I was haying the field in Salkum, WA that was used as the staging area for the military rescue effort after the Mt. St. Helens eruption in 1980. Lots of helicopters flying out of there.

They used the area on the backside as a dumping ground, along the fence. Thought I was avoiding things pretty well, when I suddenly hit a parachute with my Taarup disc mower. Everything happens fast with a disc mower- I was bound up completely and it had stalled the tractor before I could get to the clutch.

That parachute material is TOUGH! I hacked at it awhile with my dull pocket knife, then thought of a nice old fellow who lived next to the field- I'll bet he could sharpen my knife! Went over and asked him, and he gave me his to use while he sharpened mine. That made things go a lot faster, of course.

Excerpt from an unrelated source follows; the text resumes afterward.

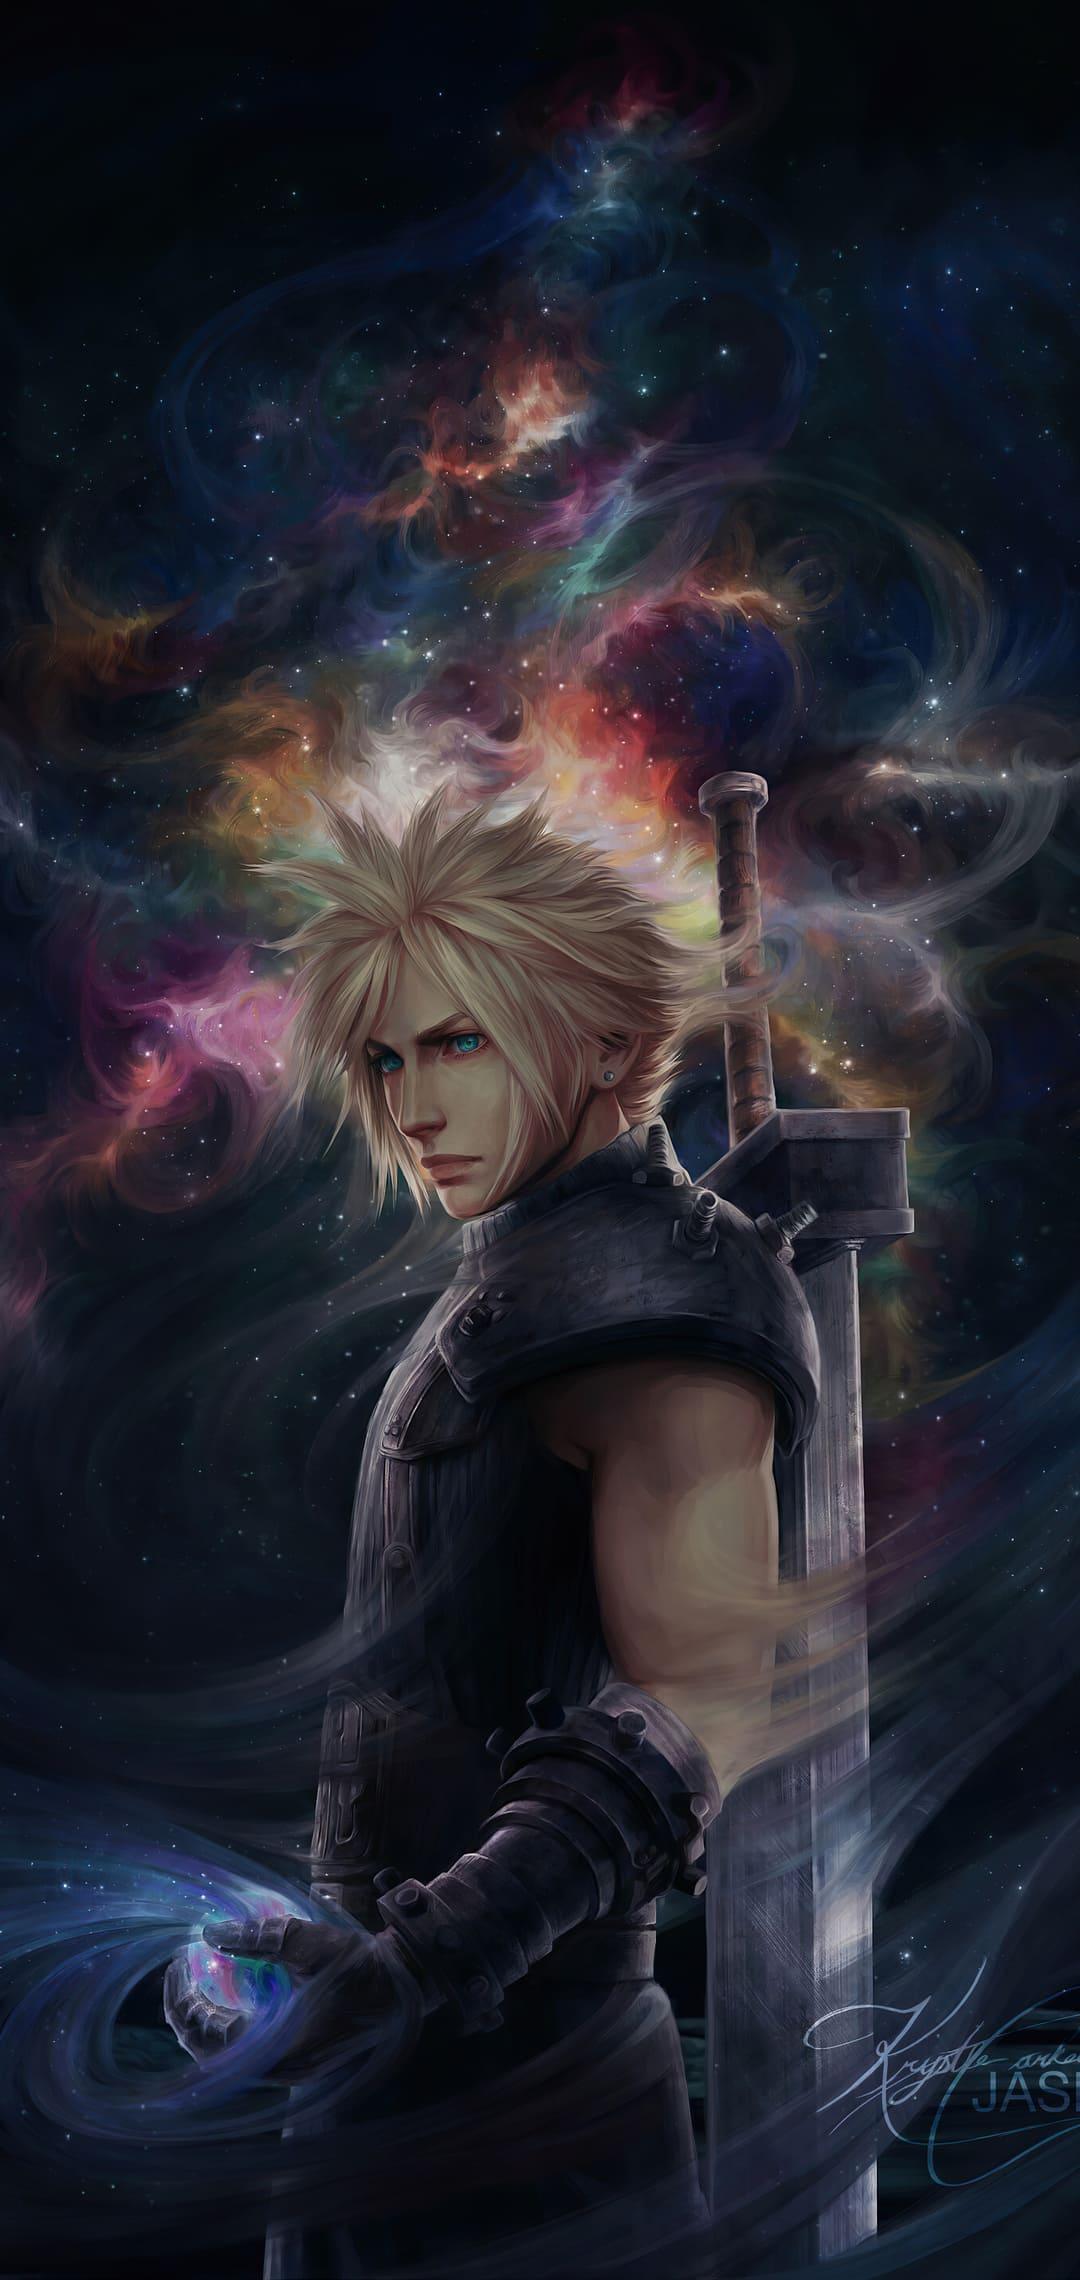 Final Fantasy VII Wallpapers - Top 4K Background Download

When we made the exchange, I thanked him, and he said no, Thank You, for giving an old man a chance to be useful on a summer day.
 
I put this down in the basement in 'Talers' about a month ago, but I found a bright blue, what would be described as a 'ladies double ended pleasure device', made from a rubber like substance, about 2 feet long, in a hay field that was almost a half mile from any road. I still haven't found the girls----
 
Forgot the horticultural project.

Friend was going to do a hayfield in the neighborhood, but encountered plants growing in 5 gallon buckets spread around the field (hay was high, couldn't see them until you got into it). He didn't want to mow around them, so asked if I'd take it over. I had an Oliver 1550 with a loader, so I just put the buckets in the loader as I encountered them, and lined them up along the back fence when I got to that end of the field.

The guy called, all excited, that evening- "What happened to my buckets?" He got pretty owly. Told him to calm down, they were along the back fence, out of sight from the road. Did he want me to leave a bunch of white buckets in the field, with plants growing, in plain sight? I also opined that they looked pretty pale, and could sure use some fertilizer.

I was one of the responders from the volunteer fire dept a couple of years later- he was deceased, in a one car accident.
 
Neighbor has quite the Indian artifact collection, all off the creek that runs through their place. He has a spear head that is broken into 2 perfectly fitted pieces. His dad found one half plowing in a far corner of the place, in the 40's. The son found the other half in the late 70's, almost a half mile away.

Figured it must have broken off in a critter who ran that far before dying.

Got called out to dig a doughnut spare tire out of a 760 MF that made it all the way to the cylinder. Only time in my life I have ever seen one of these off of the rim.